就當伍悅以為必死無疑的時候,頭頂上空傳來一聲清脆響亮的鳥類鳴叫,緊跟著一股力道強勁凜冽的氣流硬生生把激噴而出的毒粉吹了回去。紅色的粉末一點沒浪費的粘到鬼頭的臉上,竟把那張粗糙的厚皮腐蝕出無數大小不一的血泡,頃刻間便流出惡臭的黃水。
鬼頭猛地向後仰倒,發出一陣陣淒厲的叫聲。它徒勞的甩著臉,妄圖擺脫這些腐肌蝕骨的毒粉。
伍悅被這個突如其來的變化嚇了一跳,尤其是在見識了毒粉的厲害後,更是感到一陣心驚膽寒,如果這東西噴到自己的臉上,後果一定不堪設想!別說毀容,恐怕骨頭都要被燒化了。他趕忙抬頭往上觀瞧,想看看是誰在這千鈞一發的生死關頭救了他的性命。
一隻白色的大鳥拖著華麗的長尾羽從夜空中疾飛下來,周身散發著淡淡的迷人的銀色光芒。它高聲鳴叫著,落在伍悅旁邊的燈柱上,如王者般居高臨下的蔑視著鬼頭。
鬼頭一見這隻鳥,竟如同看到天敵一般,縮成一團瑟瑟發抖。白色大鳥的眼中露出鄙視的神情,呼的張開翅膀對著鬼頭的眼睛琢去。
豈料鬼頭大叫一聲,突然對著衝自己撲來的大鳥噴出一股火焰。紅色的火苗瞬間便將大鳥吞沒,它渾身的羽毛都燒著了,頓時發出一陣尖厲的慘叫聲,便就地翻滾起來。鬼頭見一招得手,又對著大鳥連連噴出幾股毒煙。
白鳥身上起火,又被毒煙噴中,痛苦的連連打滾,撲騰著翅膀拚命的掙扎。情況急轉直下,伍悅驚得目瞪口呆,眼見著幾秒鍾的時間裡,剛剛救了自己性命的大鳥就要命喪鬼頭之手,他匆忙甩掉外衣,試圖幫它撲滅身上的火焰。
誰知白鳥雖然傷勢嚴重,但是卻在地上狂撲亂跳,豁出命一般要去抓鬼頭的眼睛。

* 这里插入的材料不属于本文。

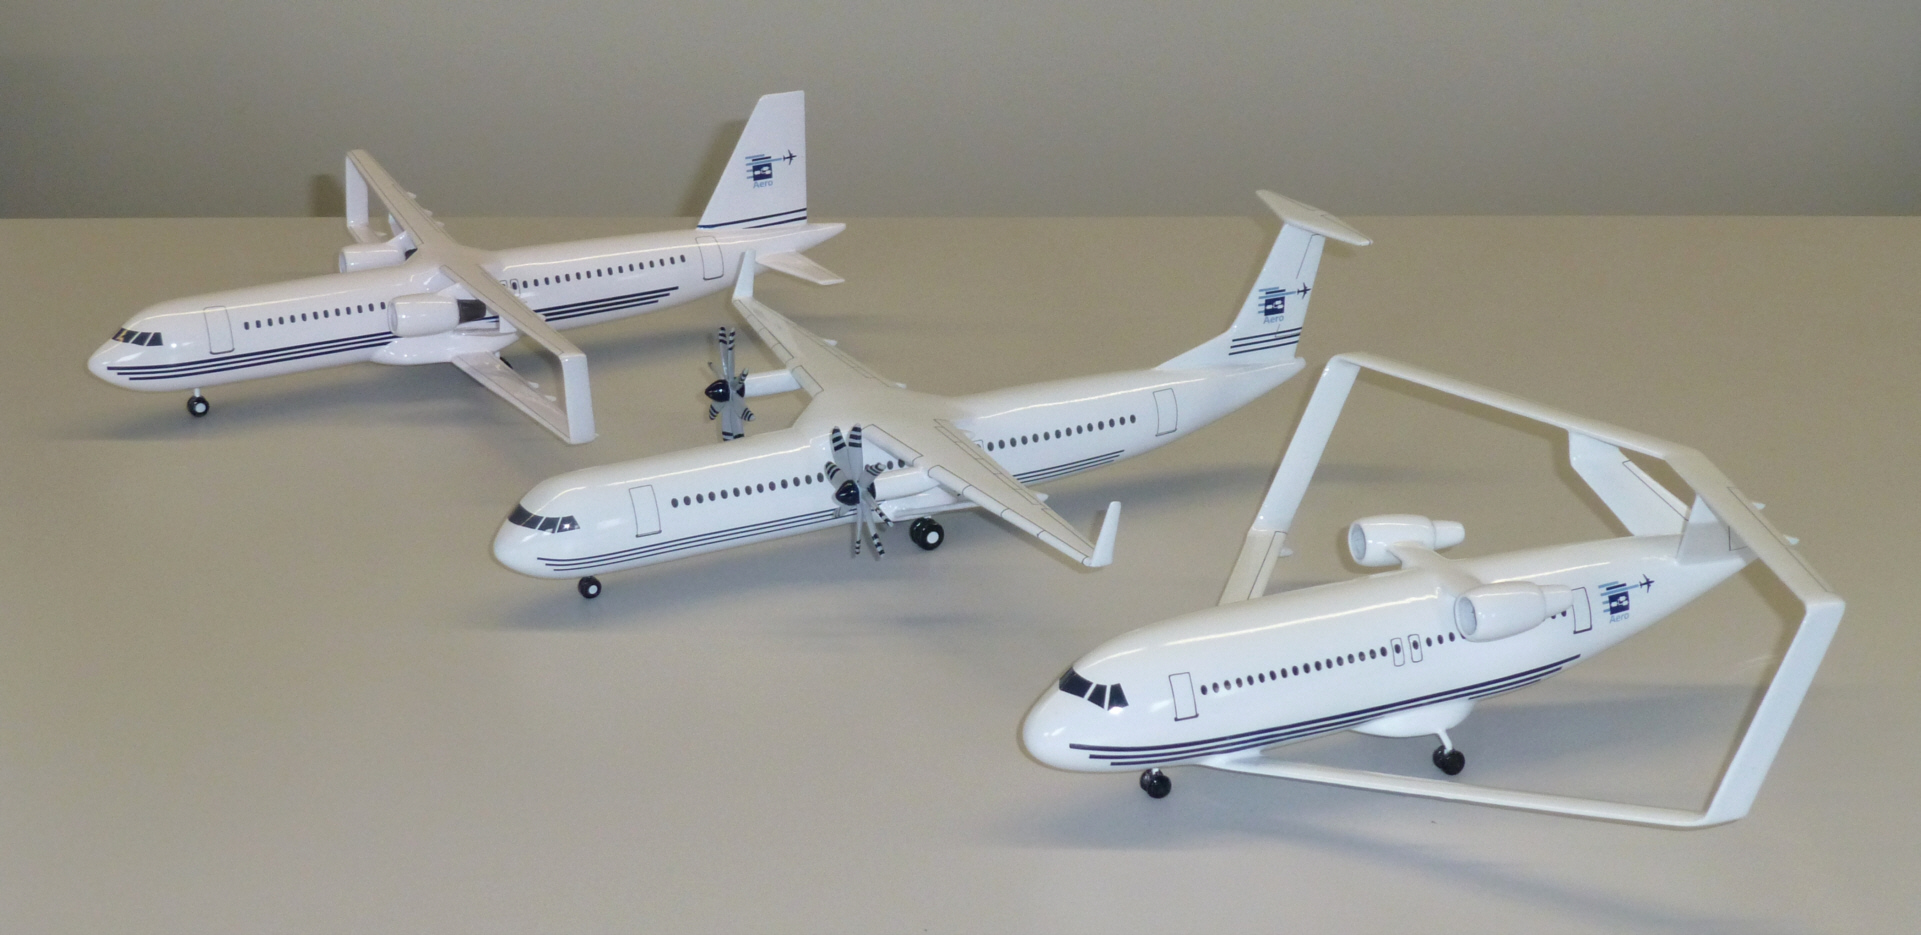 3 Aircraft Models

鬼頭一邊飄忽著躲閃,一邊奮力噴出毒煙和火焰。伍悅只能在一邊乾著急,卻根本無法靠近白色大鳥。
又折騰了好一陣,大鳥的動作終於越來越緩慢無力了,鬼頭也幾乎噴不出任何東西來。 伍悅趕忙趁機把外衣撲到白鳥的身上,幫它熄滅了身上的火焰。
被外衣蓋住的大鳥趴在地上不停的撲楞著翅膀,就在伍悅俯身想要抱起它的時候,奇怪的現象發生了。
本來還在衣服下面翻滾撲騰的大鳥,竟像空氣一般消失了!
“咦?!”伍悅大吃一驚,急急的把衣服掀開一看,只有一根羽毛靜靜的躺在地上。這根白色的羽毛毫無燒傷痕跡,在羽毛的邊緣還閃著迷人的金色光澤。
伍悅茫然的把羽毛撿起來,在路燈昏暗的光線下反覆的端詳。難道那隻鳥被燒沒了?只剩下這一根羽毛?不應該啊,就算燒死,也應該有屍體,或者剩下點其他的什麽吧!而且這根羽毛看上去毫無傷到的痕跡!這到底什麽情況啊!
鬼頭漂浮著,似乎變得相當虛弱,眼眶中的火焰只剩下點弱弱的紅光。看到伍悅手中的鳥毛,鬼頭也顯得很是震驚不解,正當它想飄過來一探究竟的時候,頭頂一個清冷的聲音淡淡的道:
“你就這麽點能耐嗎?”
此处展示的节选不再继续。